3/9 Symptoms returning. Began 5 abx protocol 5/9 Rifampin 600, Amox 1000, Doxy 200, MWF Azith 250, flagyl 1000 daily. Began Sept 04 PPMS EDSS 6.7 Now good days EDSS 1 Mind, like parachute, work only when open. Charlie Chan  In for the duration.&am

Hello Vanessa, you are certainly getting the hang of this site pretty well, after your tentative start on ThisisMS!  Welcome here as well.  You are doing what I sometimes wish I had done when I first started treatment, but I didn't start posting anywhere until six months later and during that time I got so annoyed one day that I just deleted my attempt at a journal.

Please, when you have the time, continue to post some of this on ThisisMS because we are getting a bit thin on the ground over there at the moment and to many people with MS it is a starting point, once they move on from the national MS society sites.

Also, read through Rica's blogs  -  they are amazing.  Then move onto MS Willow.  Plenty to do..................Sarah

 

An Itinerary in Light and Shadow  Berger. Started the Wheldon regime in August 2003, due to very aggressive SPMS.  Moved to intermittent therapy after one year.  In May 2006 still take this, two weeks every two months.  EDSS was about 7, now less than 2.

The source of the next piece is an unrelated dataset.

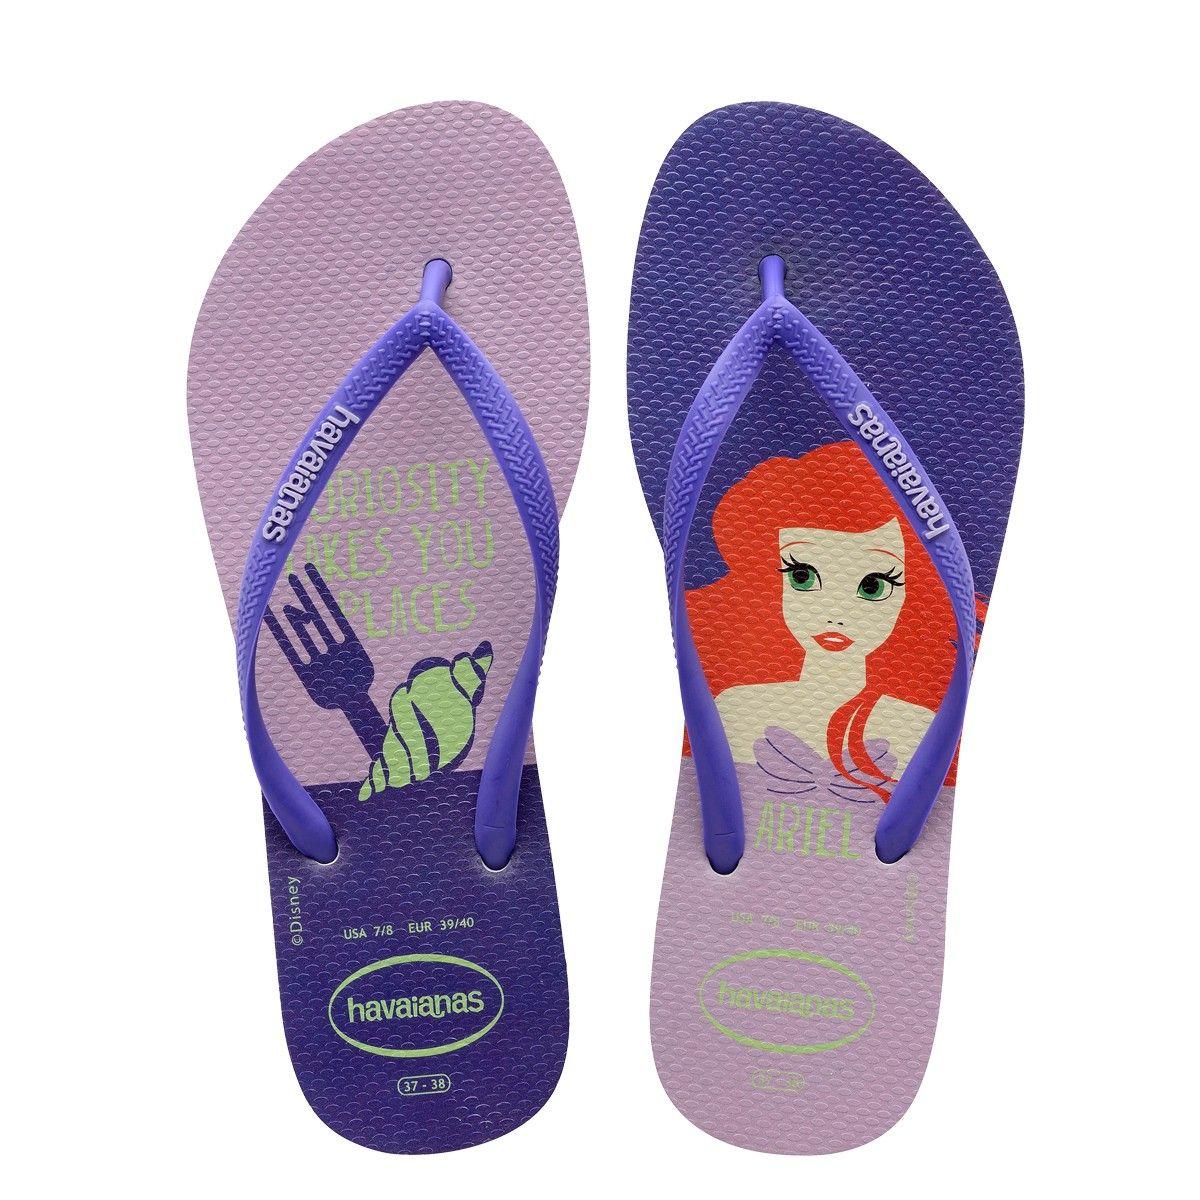 090c3cc0c Havaianas Slim Princesas Disney's Ariel Flip Flops Purple - 6 in ...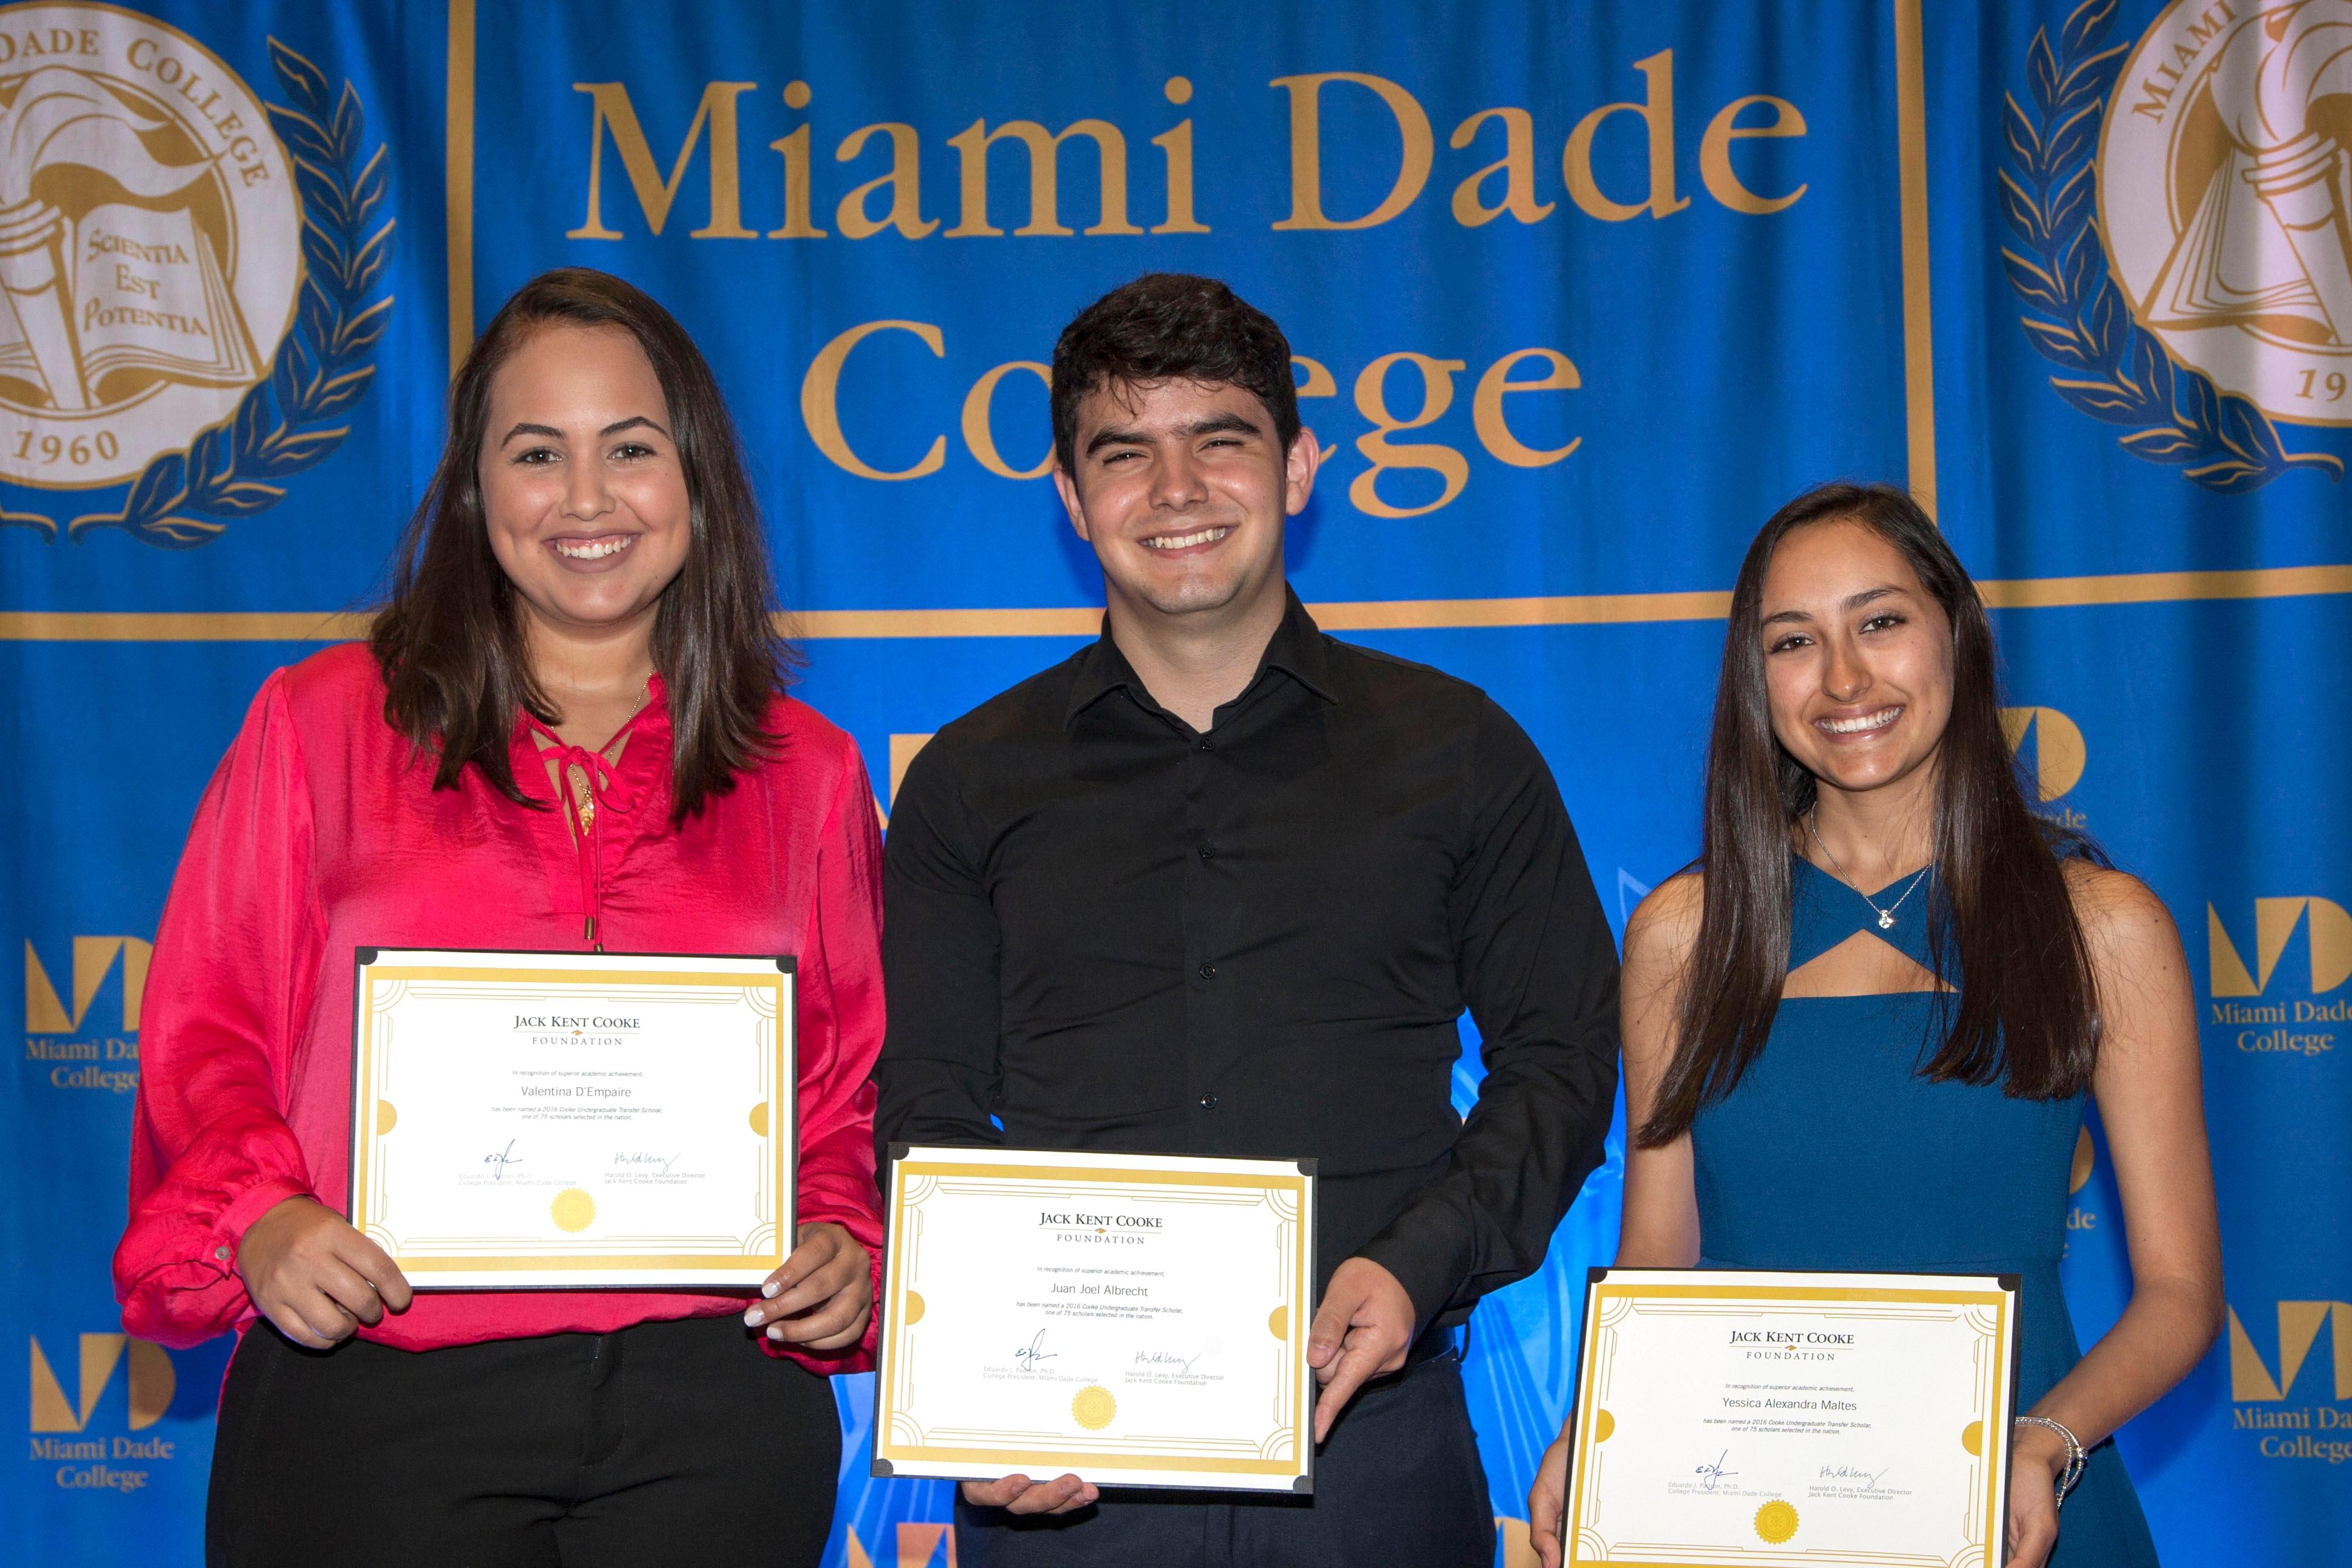 Miami_Dade_new_UT_scholars_1.jpg

Completed Stratton/Wheldon regime for aggressive secondary progressive MS in June 2007, after four years, three of which intermittent.   Still improving bit by bit and no relapses since finishing treatment.

Hi there,

Rica/katman (which do you prefer?): thanks for your support and thanks especially for the comment about leaving behind the useless tools for ambulation! That has put a smile on my face as I glance over at my ever-present wheelie-walker! I am hoping, but not expecting, that the antibiotics will help me too. I think this is the right attitude to take. I will read your blog with great interest and hope to 'chat' again soon.

Sarah: thank you -- again! I've only just 'met' you a couple of times and every single one, you are helping me in some way. I will definitely read Rica's blog and then Ms Willow's. I really only chose to keep my blog here because the interface is much easier to use (and, of course, I am intending to start antibiotics very soon). I have a background in technical writing for computers with a little experience in HTML coding, but I couldn't even figure out how to enforce a paragraph mark in the Journal section over on ThisisMs (of course, I don't have the time to experiment like I used to!). When I do have some time, I will look into it further and copy across anything that might be useful.

Vanessa :o)

Vanessa :o) On Wheldon protocol since July 2006 for SPMS (EDSS=6 to 6.5).